We have also seen increasing demand for accommodation, and hotel occupancy rates are on the rise together with increasingly busy cafes and restaurants. Perhaps we have to be mindful that the actions and sacrifices Tasmanians have made in controlling COVID-19 have allowed us to resume a sense of normality that is the envy of many nations around the world which are still suffering through the pandemic crisis.
I close by thanking the Premier for his leadership in what has been an extortionary time for Tasmania. I also thank some of the ministers who have supported him ably through that journey - Ms Courtney, Mr Jaensch and Mr Rockliff. We have collectively faced exceptional challenges and there is still much to do. The Premier has had to make some hard choices that some of us had to take on trust, but we do know he is a deeply compassionate family man who has the best interests of Tasmania at heart.

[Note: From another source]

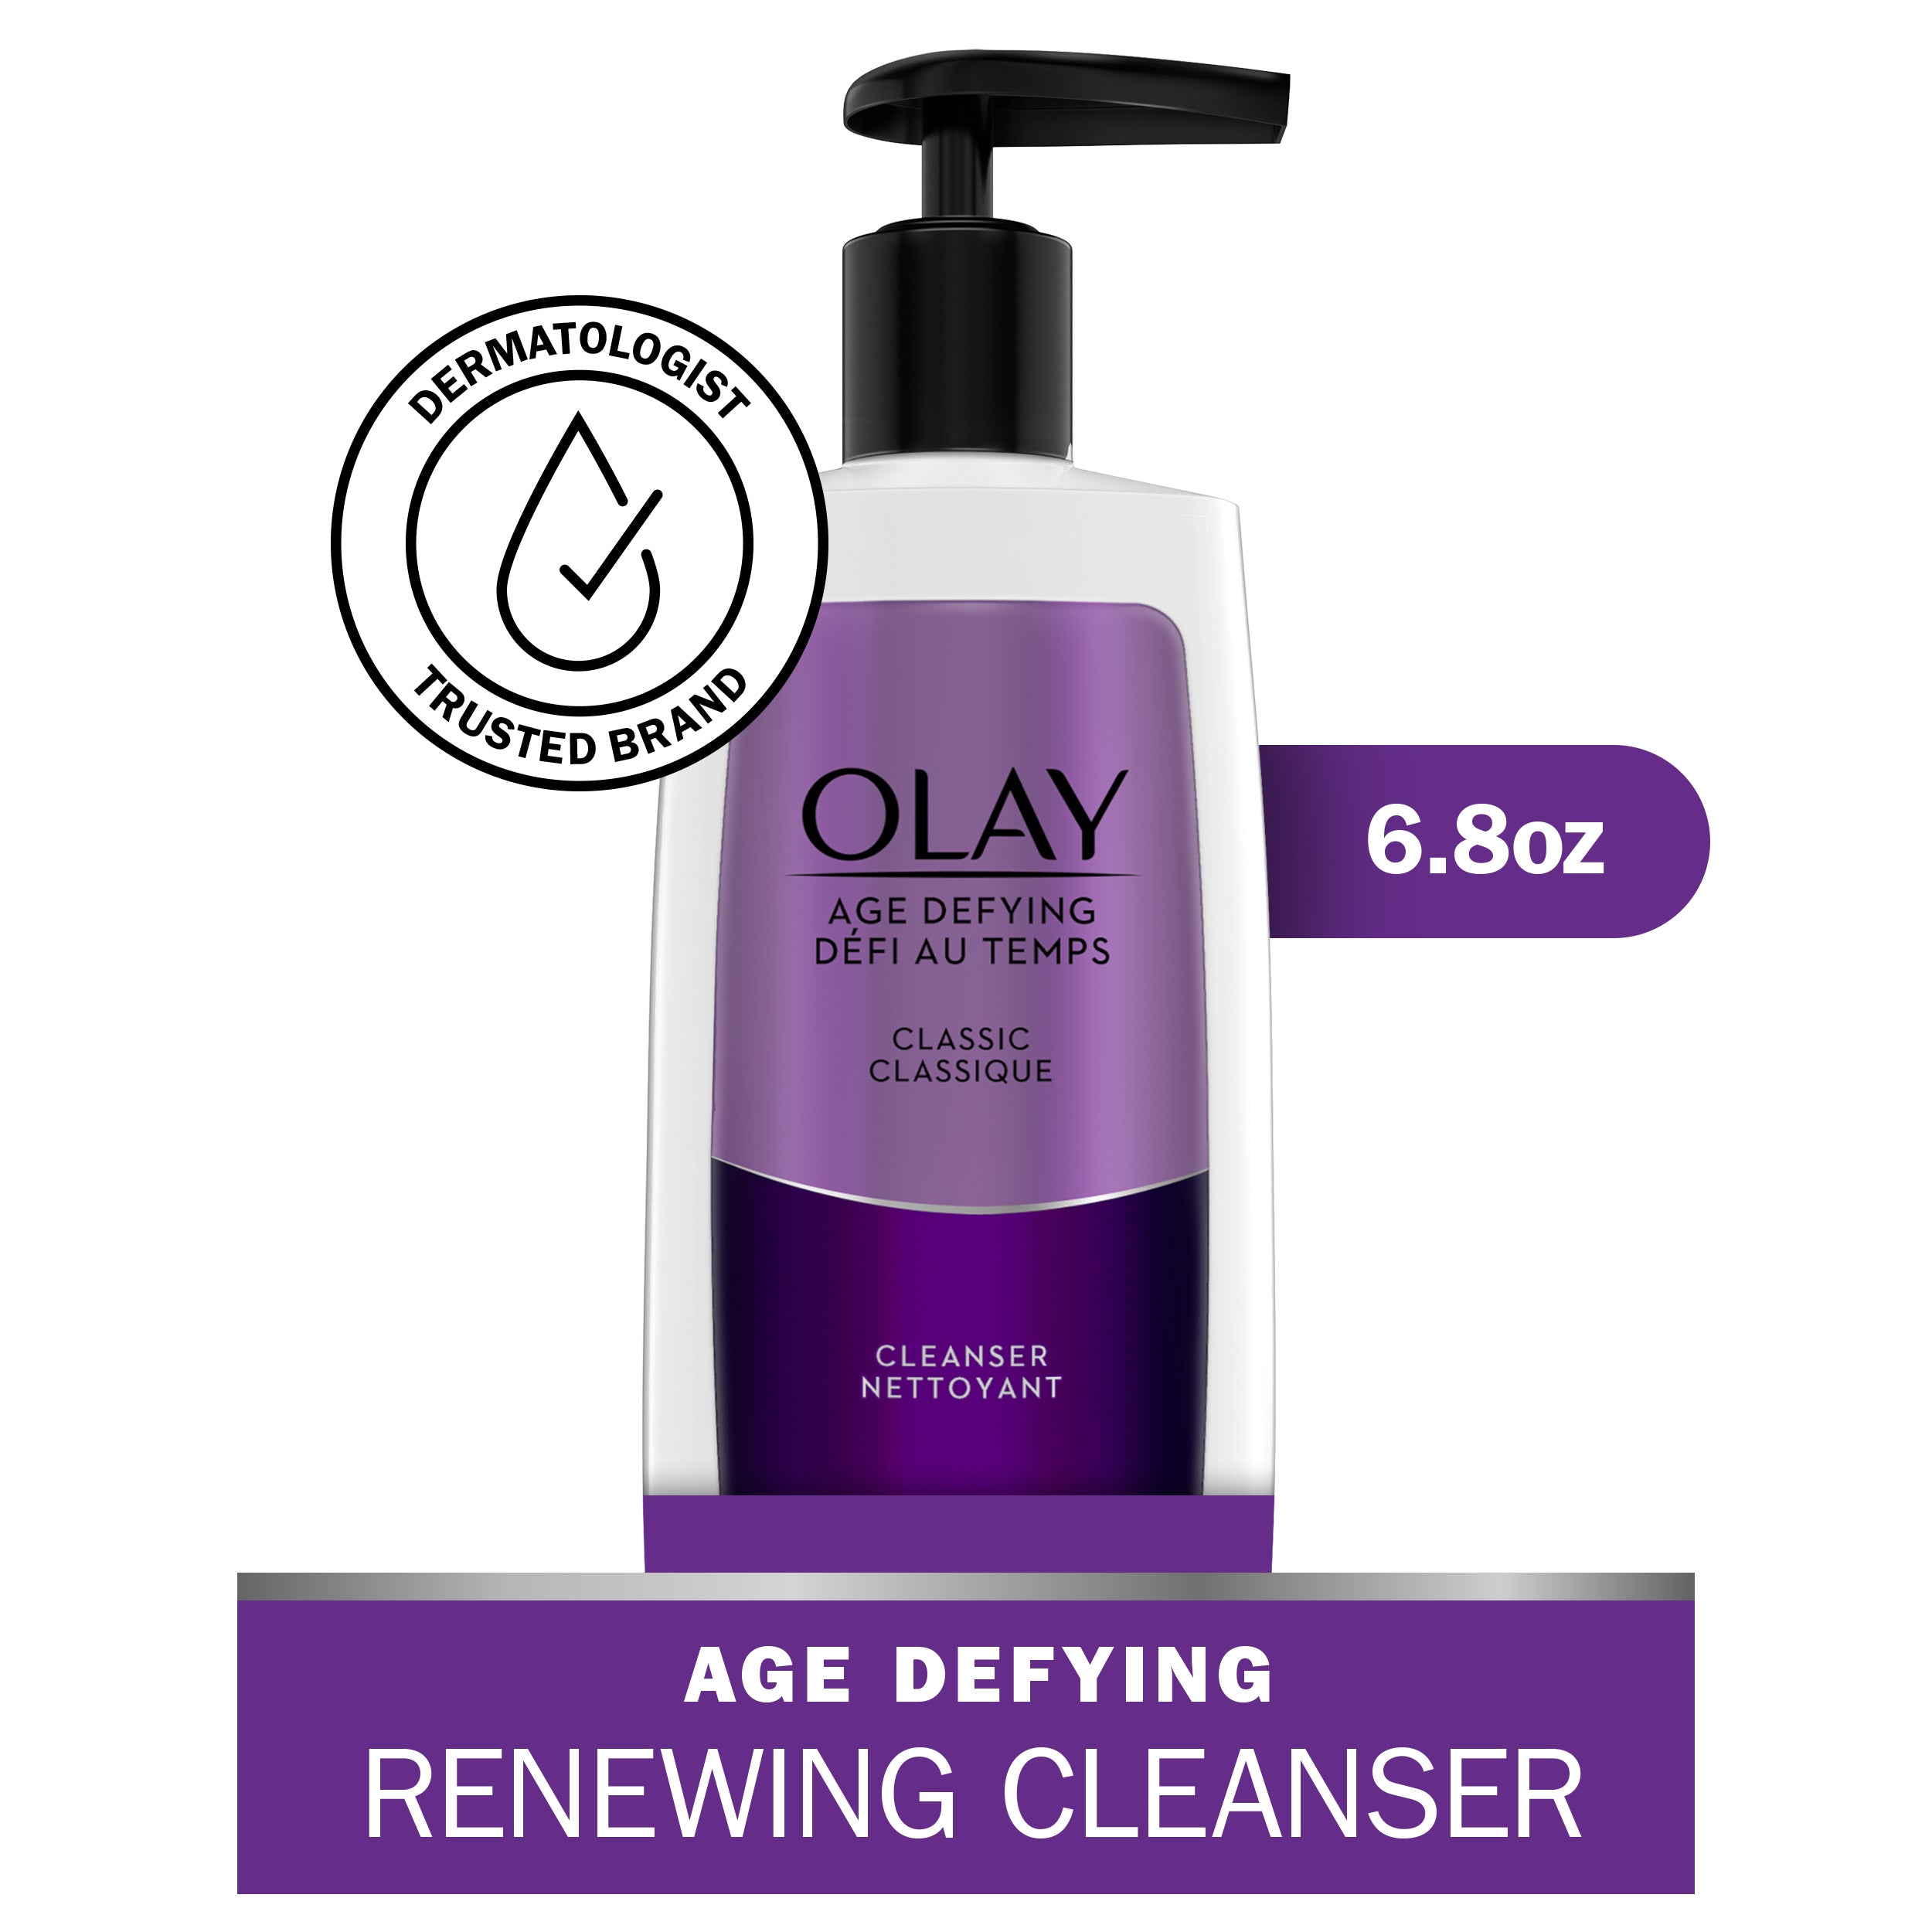 Olay Age Defying Classic Facial Cleanser for Dull Skin, 6.8 fl oz | MTTS322

I am sure we will be keeping a keen eye on how these initiatives will play out together with any adjustments that may need to be made. In closing, many of us perhaps have had conversations with people from other states, even other countries, and generally those people speak highly of the way Tasmania has approached the COVID-19 pandemic from its leadership, but also from the community. I think that plays well for our state and the future.
With that, I note the Premier's Address.